也就是说,在encoder中进行self atten时,QKV都是一样的,都是拉平后的feature map

在经过encoder之后,return后的memory其实就是经过encoder的feature map,其shape和输入进去的query一样,都是[h*w,bs,embed_dims]

decoder

        target = torch.zeros_like(query_embed)
        # out_dec: [num_layers, num_query, bs, dim]
        out_dec = self.decoder(
            query=target,
            key=memory,
            value=memory,
            key_pos=pos_embed,
            query_pos=query_embed,
            key_padding_mask=mask)
        out_dec = out_dec.transpose(1, 2)
        memory = memory.permute(1, 2, 0).reshape(bs, c, h, w)

这里先初始化了一个全0的target作为query,是因为后面在进行多头注意力时候,会把query和query_pos相加,这样就相当于加回去了

返回的out_dec的shape为[6,100,2,256]也就是[num_dec_layers, num_query,bs, embed_dims]

整个transformer的顺序是这样的:

		bs, c, h, w = x.shape
        # use `view` instead of `flatten` for dynamically exporting to ONNX
        x = x.view(bs, c, -1).permute(2, 0, 1)  # [bs, c, h, w] -> [h*w, bs, c]
        pos_embed = pos_embed.view(bs, c, -1).permute(2, 0, 1)
        query_embed = query_embed.unsqueeze(1).repeat(
            1, bs, 1)  # [num_query, dim] -> [num_query, bs, dim]
        mask = mask.view(bs, -1)  # [bs, h, w] -> [bs, h*w]
        memory = self.encoder(
            query=x,
            key=None,
            value=None,
            query_pos=pos_embed,
            query_key_padding_mask=mask)
        target = torch.zeros_like(query_embed)
        # out_dec: [num_layers, num_query, bs, dim]
        out_dec = self.decoder(
            query=target,
            key=memory,
            value=memory,
            key_pos=pos_embed,
            query_pos=query_embed,
            key_padding_mask=mask)
        out_dec = out_dec.transpose(1, 2)
        memory = memory.permute(1, 2, 0).reshape(bs, c, h, w)
        return out_dec, memory

前面先做进入transformer的准备工作,然后经过encoder和decoder,最后returnd的outs_dec其实就是更新过的query,memory相当于是经过encoder后的feature map。

走完transformer之后,程序就返回到了DETRHead的forward_single()中,通过返回的outs_dec来进行分类和回归的预测。

预测

在DETRHead的forward_single()中,通过

 outs_dec, _ = self.transformer(x, masks, self.query_embedding.weight,
                                       pos_embed)

        all_cls_scores = self.fc_cls(outs_dec)
        all_bbox_preds = self.fc_reg(self.activate(
            self.reg_ffn(outs_dec))).sigmoid()

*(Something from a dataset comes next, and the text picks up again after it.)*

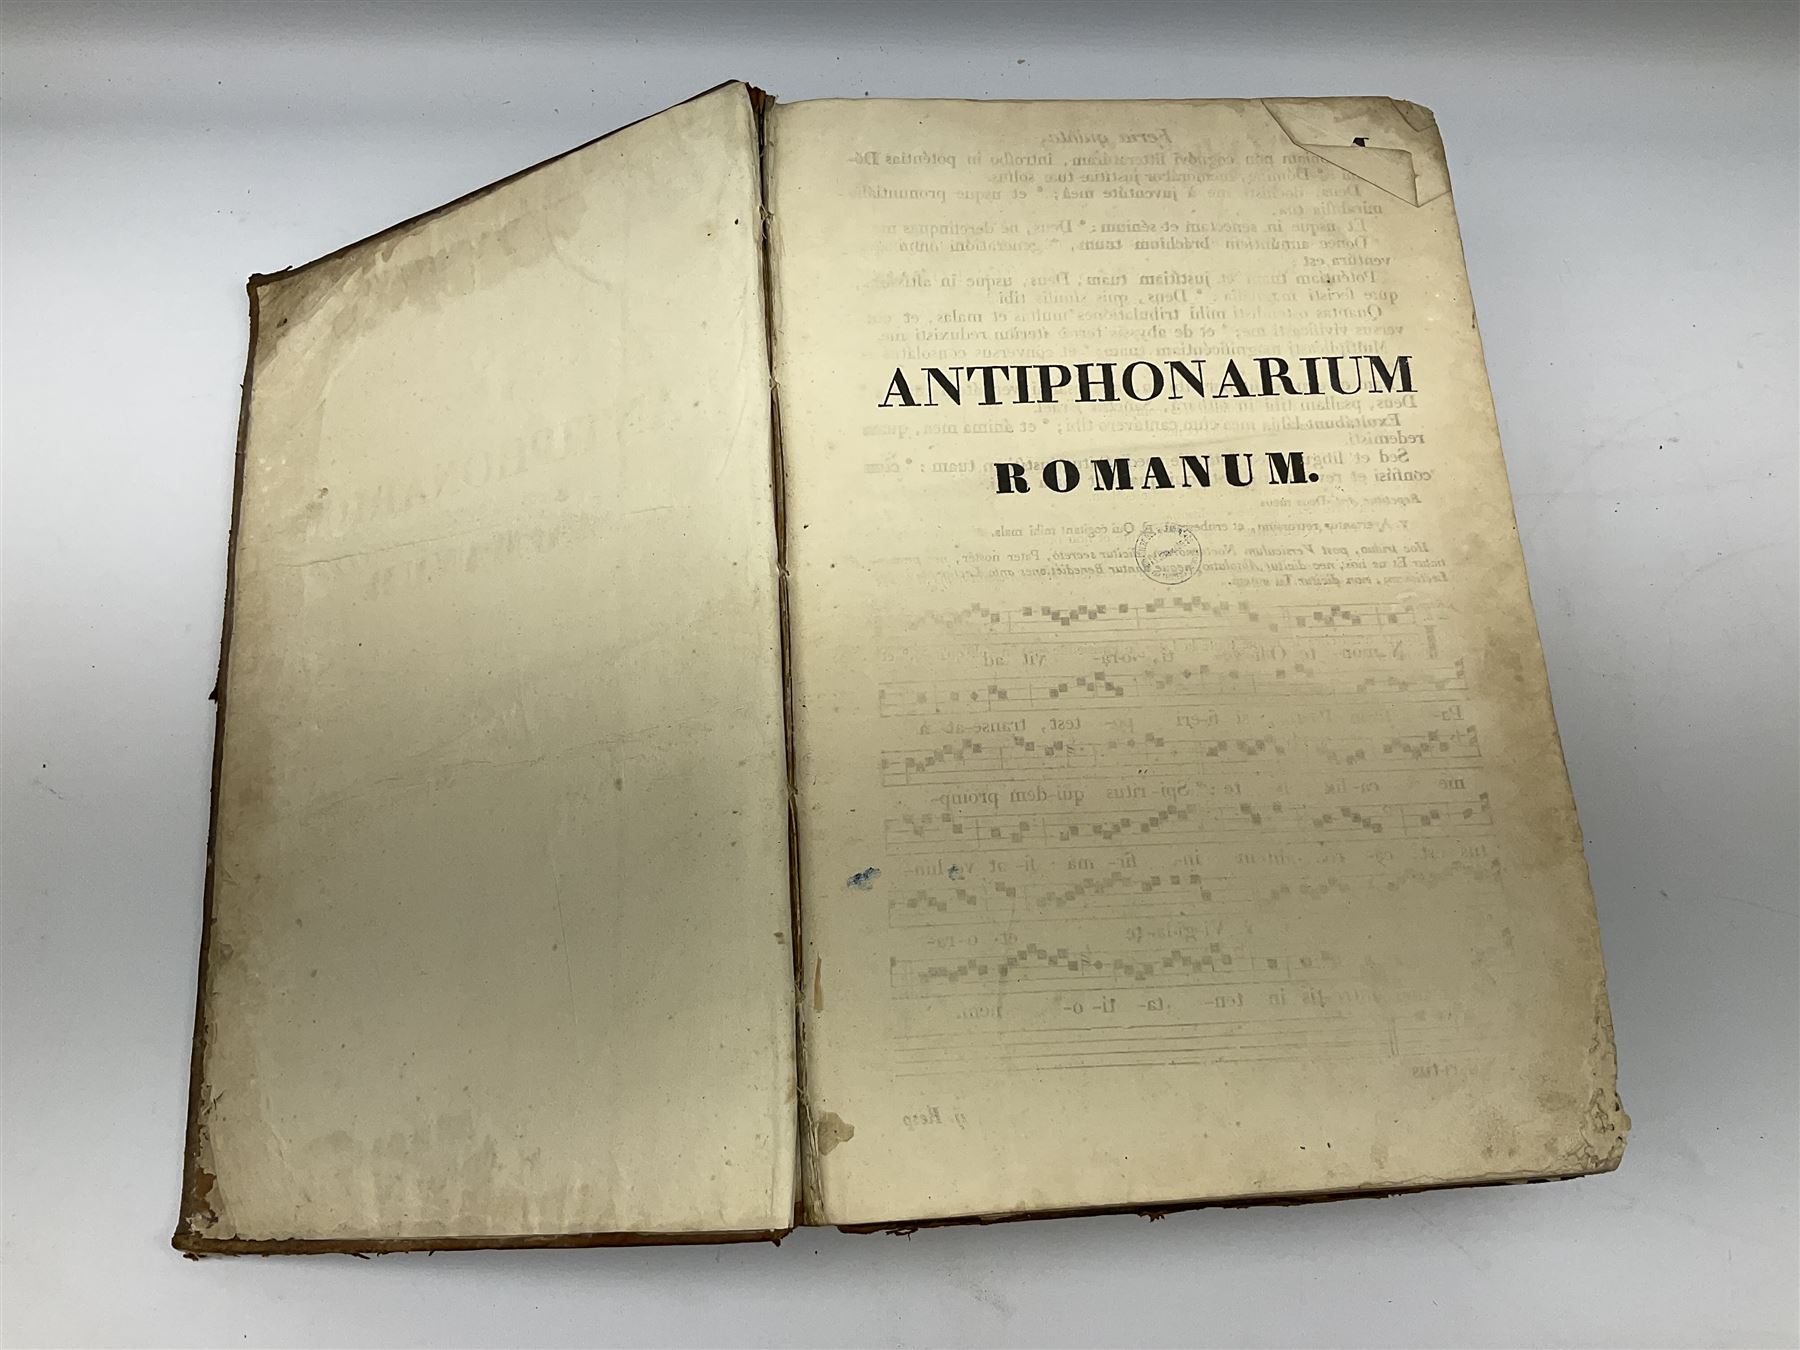 Six 19th century leather bound books of music comprising Graduale Juxta Missale Romanum and Antiphon - Image 5 of 21

得到的all_cls_scores和all_bbox_preds shape分别为 [num_layer,bs,num_query,81]和 [num_layer,bs,num_query,4]

Loss

在得到前向的预测结果之后,下面就是要进行匈牙利匹配以及计算loss。
计算Loss的整个函数调用的逻辑是这样的:首先进入DETRHead的loss()函数中,在loss函数中,会通过multi_apply函数调用loss_single来计算每一个decoder layer的loss,在loss_single中会调用get_targets()来获得这一个batch图片的targets,在get_targets()中会调用_get_target_single()来获得batch中每张图片的targets,并且在_get_target_single()中会进行匈牙利匹配

我们直接进入到_get_target_single()中,在_get_target_single(),首先会进行匈牙利匹配,先看一下匈牙利匹配的代码,这部分代码在mmdet/core/bbox/assigners/hungarian_assigner.py下,注释写在代码中了

    def assign(self,bbox_pred,cls_pred,gt_bboxes,gt_labels,img_meta,gt_bboxes_ignore=None,eps=1e-7):
  
        assert gt_bboxes_ignore is None, \
            'Only case when gt_bboxes_ignore is None is supported.'
        num_gts, num_bboxes = gt_bboxes.size(0), bbox_pred.size(0)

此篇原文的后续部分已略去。